BioConst生物常量

Research reference only. BioConst updates and corrects content over time, but it cannot replace clinician-guided diagnosis, treatment, medication, or testing decisions.

Bone Conditions

Fibrous dysplasia / skeletal mosaicism

Focal fibro-osseous lesions can replace normal bone and marrow, creating pain, deformity, or fracture risk.

Clinician-context page

This topic can involve test or imaging interpretation, neurological disease, surgery, medication, or complex underlying conditions. BioConst keeps this page as an explainer, not a decision guide.

What this means

Fibrous dysplasia replaces normal bone and marrow with fibro-osseous tissue in focal or multiple lesions.[1,2]

What people may notice

  • It can range from an incidental single lesion to widespread disease with pain, deformity, fracture risk, mobility loss, or craniofacial effects.[1]
  • It can occur alone or as part of McCune-Albright syndrome with skin and endocrine findings.[2]
  • Lesion location matters more than a whole-body density label.[1]

Key variables

X-ray

Imaging maps lesion location and structure.[1]

Fracture and fall history

Fractures, deformity, pain, and function help define impact.[1]

Phosphate

Some FD/MAS contexts include phosphate wasting and mineralization issues.[1]

Why it happens

  • FD/MAS is a mosaic disorder associated with post-zygotic GNAS activation.[1]
  • Mosaicism explains why lesions can be patchy and severity variable.[1]
  • Endocrine overactivity can change the bone story in McCune-Albright context.[1]
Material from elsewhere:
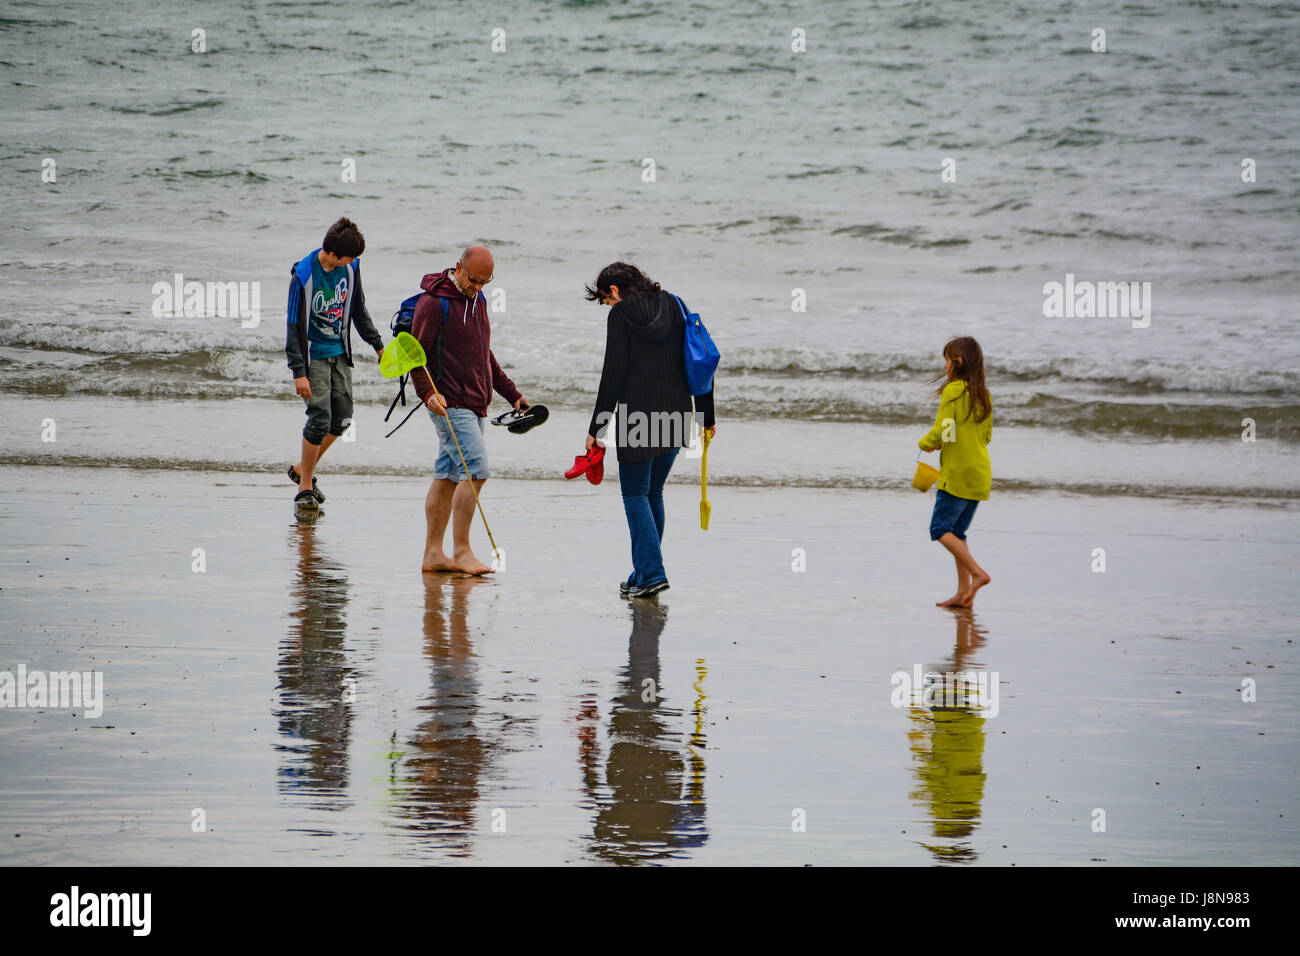 Longrock, près de Marazion, Cornwall, UK. 30 mai 2017. Météo britannique. La plage à Longrock était calme au début de la semaine de vacances de la banque, avec une poignée de gens de la planche à voile, marche à pied leurs chiens, en tenant un jogging ou simplement pottering autour sur la plage. Il a été doux, avec une température de 19 degrés C. Crédit : cwallpix/Alamy Live News Banque D'Images

Clinical response directions

  • Clinical teams may use imaging surveillance, pain/function management, fracture/deformity care, and endocrine evaluation.[1]
  • Craniofacial, endocrine, and phosphate-wasting contexts can require specialized review.[1]
  • BioConst does not interpret lesion progression or surgery decisions.[1]

Common traps

  • This is not ordinary low bone density.[1]
  • A single lesion and polyostotic disease are very different practical situations.[1]